( Joop) – On 4 March 1971 our train pulled in to Paris’s Gare du Nord station. My then husband Ab van Kammen and I were going to spend a few days in the city. We had left our three daughters with various friends, packed our suitcases and caught the train. It would not just be a pleasure trip, for Ab had been invited to take part in a mission connected with the Vietnam war, which was then at its height. People in many countries, including Holland, were by now aware of the impact of the Americans’ fierce bombing of North Vietnam, and action groups had been set up all over the world to help its suffering people. University students, sometimes backed by their lecturers, often played a major part in the work of such groups, including the Medical Committee Netherlands-Vietnam and the Science and Technology Committee for Vietnam, Laos and Cambodia. As a member of the latter body’s committee of recommendation, Ab had now been invited to join a visit to the Vietnamese mission in Paris. He had previously been one of the members of an international movement that had taken responsibility for the societal implications of their discoveries after the Second World War – concerned about nuclear armaments and the role scientists had played in their development, they had organized themselves as the Verbond van Wetenschappelijke Onderzoekers (Alliance of Scientific Researchers).

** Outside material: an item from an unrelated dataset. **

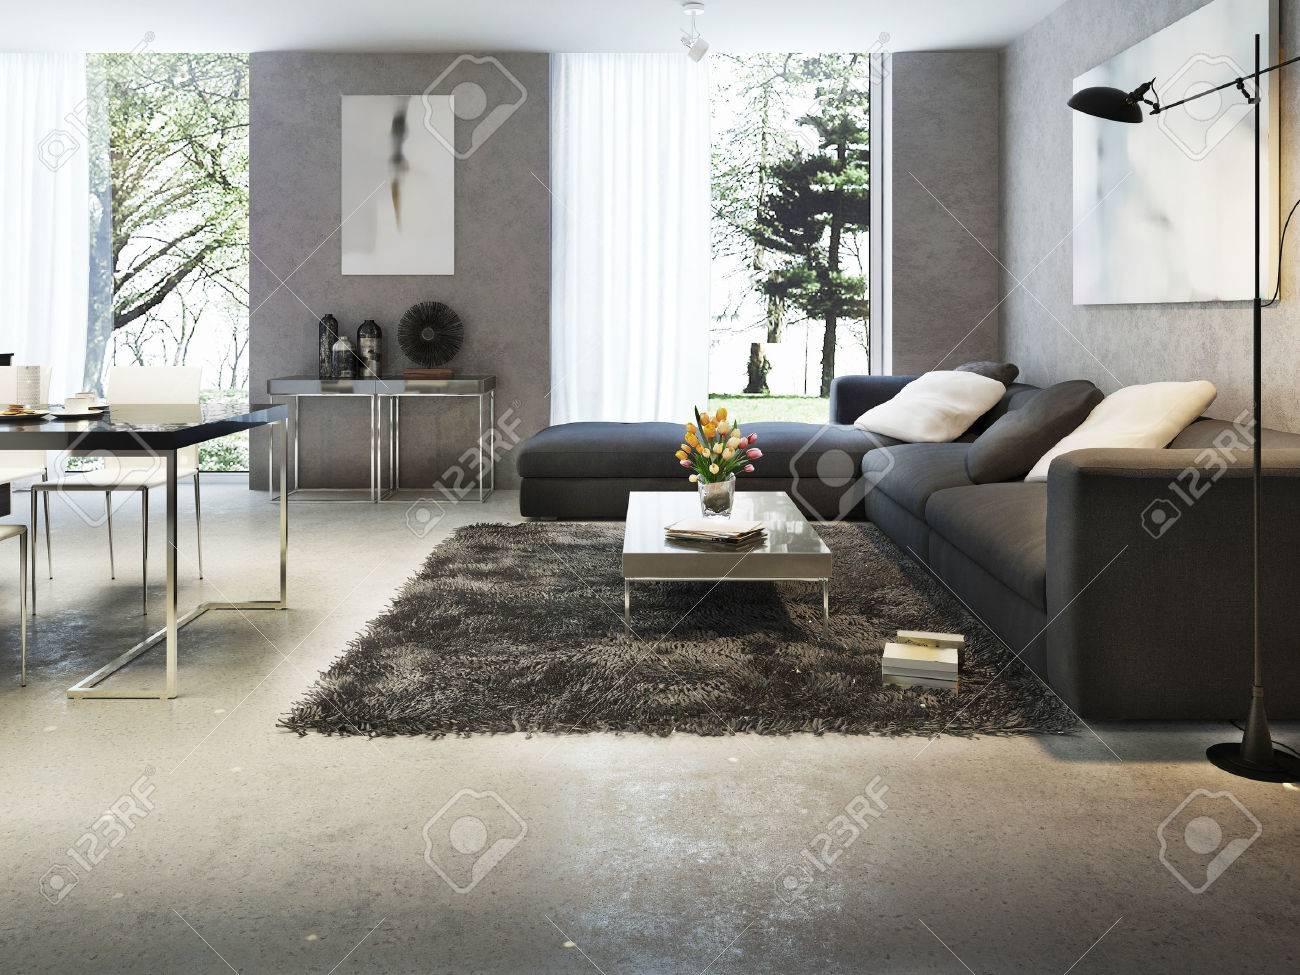 Interni Moderni Ville : Ville interni moderni. affordable progetti di case moderne interni

The napalm dropped on North Vietnam by American planes was intended to starve the population by destroying their harvests, and above all to defoliate large numbers of trees. This would make it hard for people to find shelter, and would make them easy targets for cluster (or fragmentation) bombs. Such bombs have little effect on military targets such as buildings and vehicles, and are mainly used on human targets, whether fighters or civilians. When they reach the ground they break up into smaller bombs known as clusters, which in turn break up into even smaller bombs that scatter sharp metal fragments. Some do not explode at once, but only when they are touched later on – often by children. The fragments pierce human flesh, causing serious bleeding and migrating on into tissues and organs where they cause dreadful pain and are hard to trace. Someone with such injuries needs constant care from several people, and this even appears to have served as an advertisement for these weapons: a single cluster-bomb strike can put not just one fighter out of action, but a whole group of them in one go.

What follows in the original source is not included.